The program starts searching the selected collections...
tried this with 4 collections, to spot the fraction-of-a-second long text message "searching in localdocs:..."
...but immediately switches to the /default "generating response..." and "processing..." without parsing the collections which were however mentioned in the beginning but without them being really used (redundant here, but this is the idea :) )

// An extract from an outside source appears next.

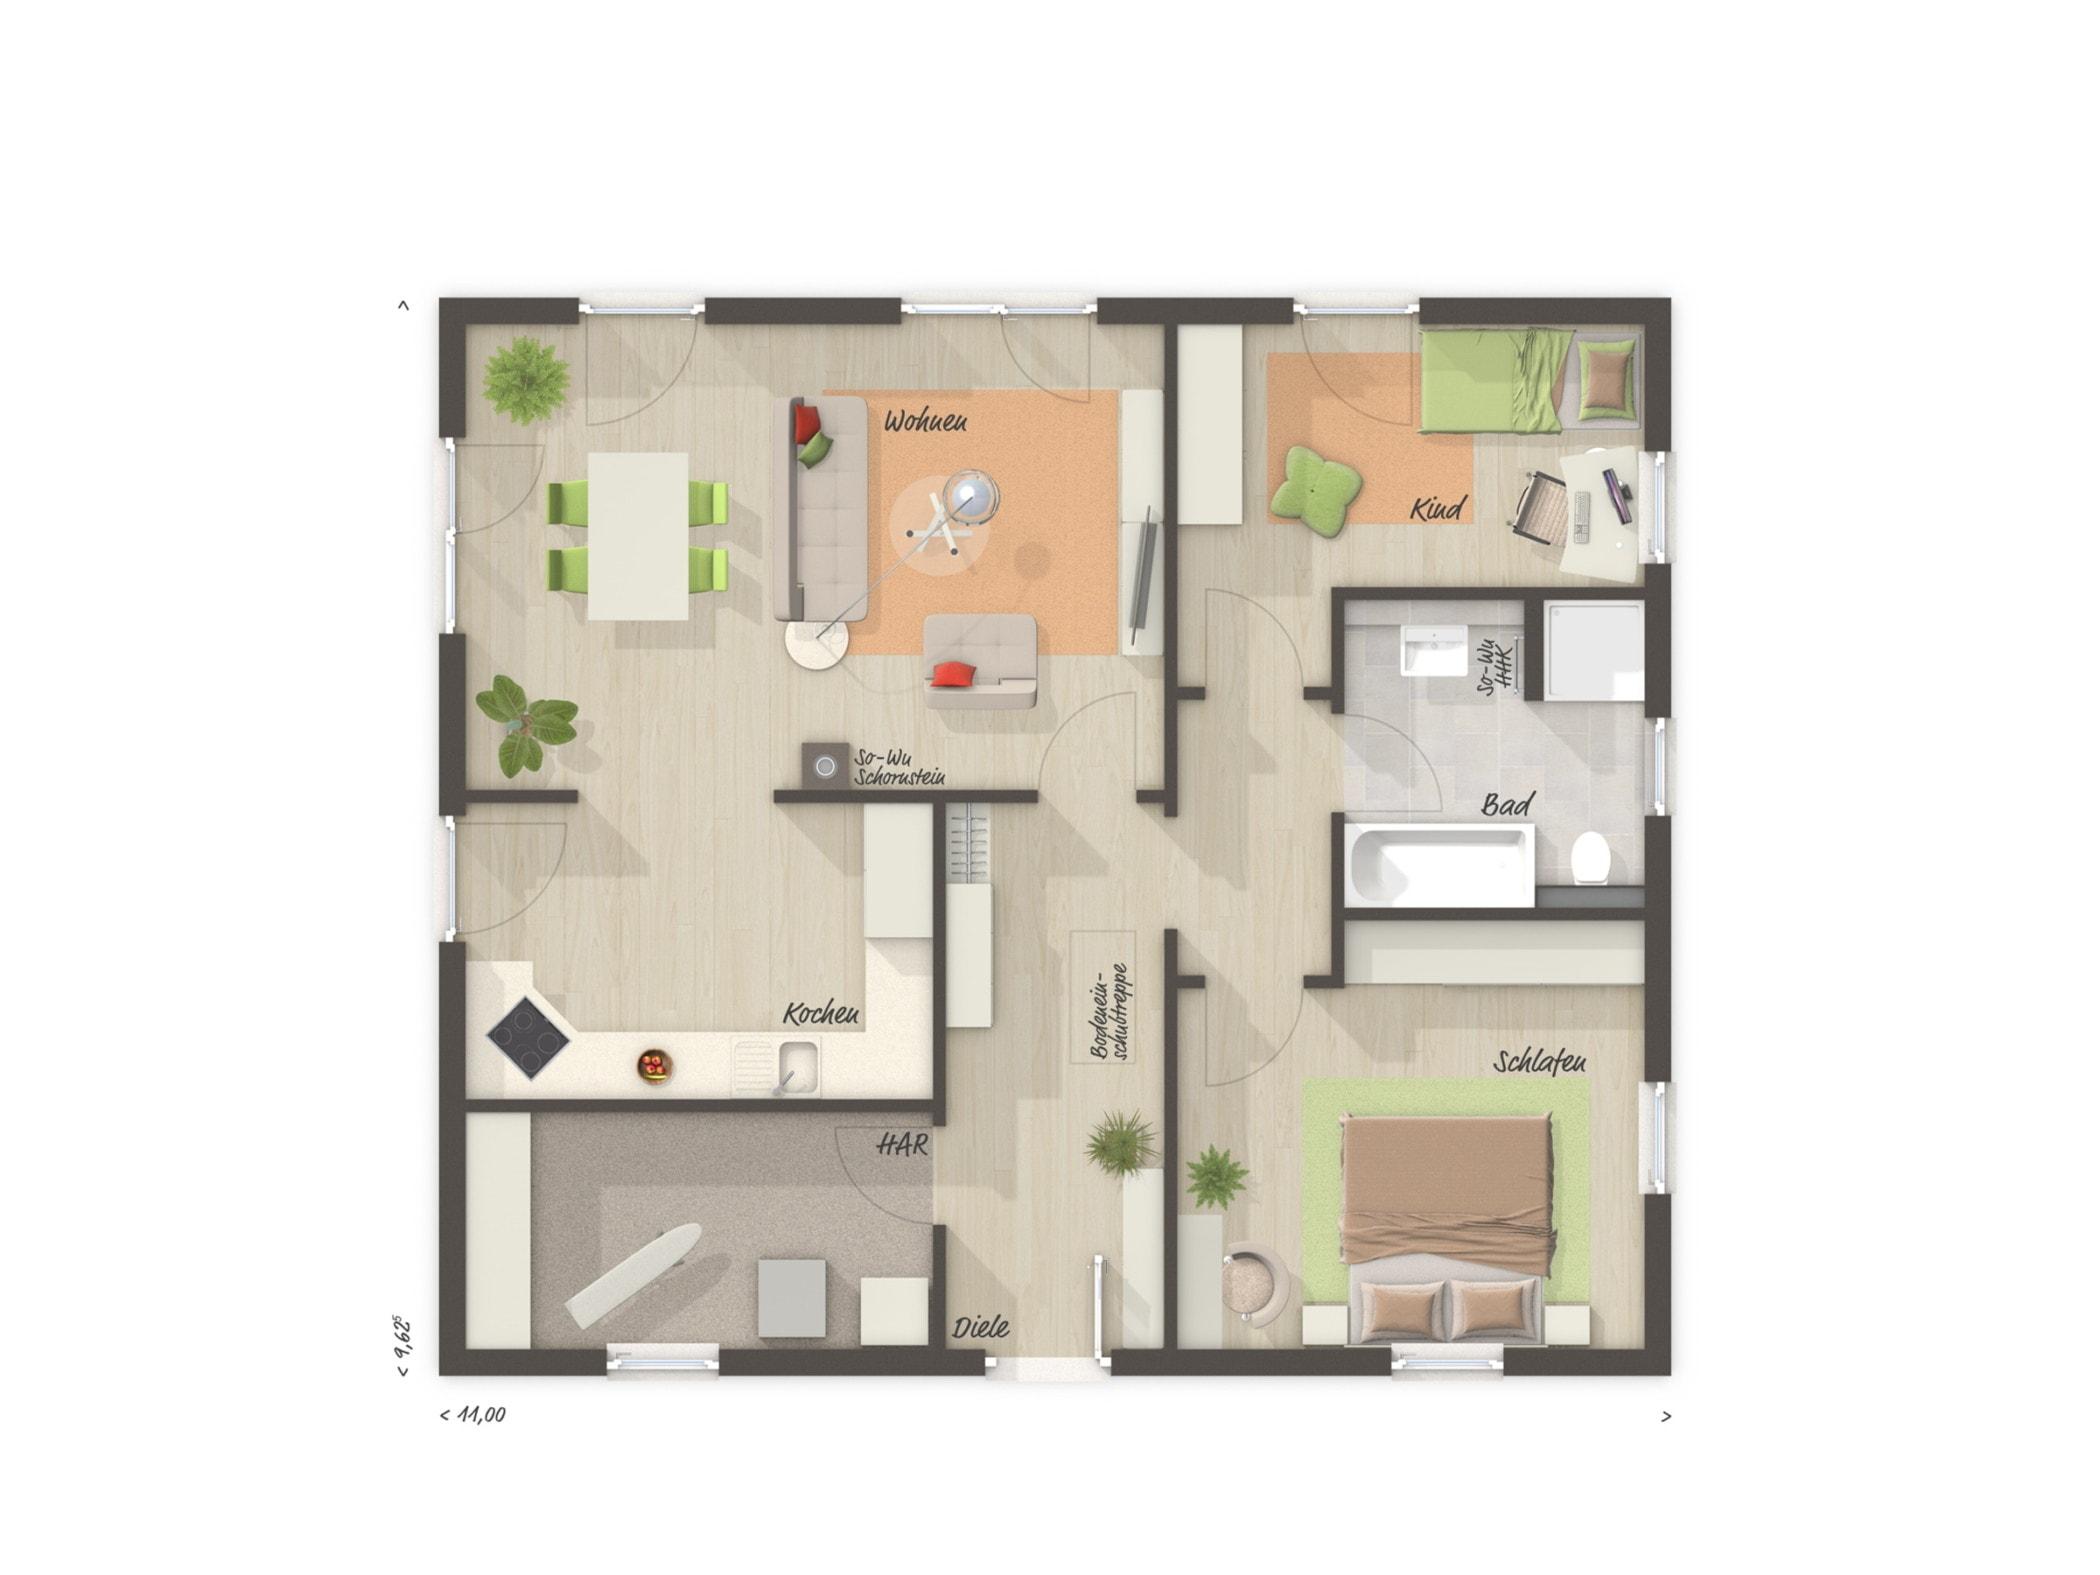 Bungalow Haus Grundriss ebenerdig, 3 Zimmer, 90 qm mit Walmdach - Massivhaus bauen Ideen Town Country Haus Bungalow 92 - HausbauDirekt.de

I am able to reproduce this issue using a copy of some of 3Simplex's collections. It seems like the embeddings are missing for certain documents, due to the process getting interrupted somehow. These documents would have been re-indexed on every launch in previous versions of GPT4All because their modification timestamp did not match the database. Now they are only re-indexed the first time GPT4All v2.7.4 is started, and if that did not succeed then the collections will be broken until they are once again re-indexed (e.g. by changing the document snippet size) and it completes successfully.
We need to implement a way to know whether embeddings have been generated for a chunk so the program can continue where it left off.
I have also done as 3Simplex said, in the sense of changing a folder's contents as a collection, here's what I've done:
- deleted (Cut-and-Pasted it one level upwards) one file from a folder which was already known as a LocalDocs collection
- after deleting the file, the program did not reindex the collection
- after placing (Paste-d) the file back into its folder, the program started reindexing that collection
Done this with 3 distinct files in 3 distinct folders/categories. The result was the same - those collections were reindexed.
However, the issue is still here, - of reindexing existing collections. I see several collections being indexed again, immediately after program start, which were created even before 2.7.3 (I can't remember, was it 2.6.1 or a 2.7.x) and stayed that way since then...
Edit :) - the explanation of cebtenzzre clarifies as to why this would happen. Indeed, a flag or something would be handy, like Windows which knows that it didn't shut down properly :)
Should be fixed as of #2396 (aside from #2591, which is a related but distinct issue).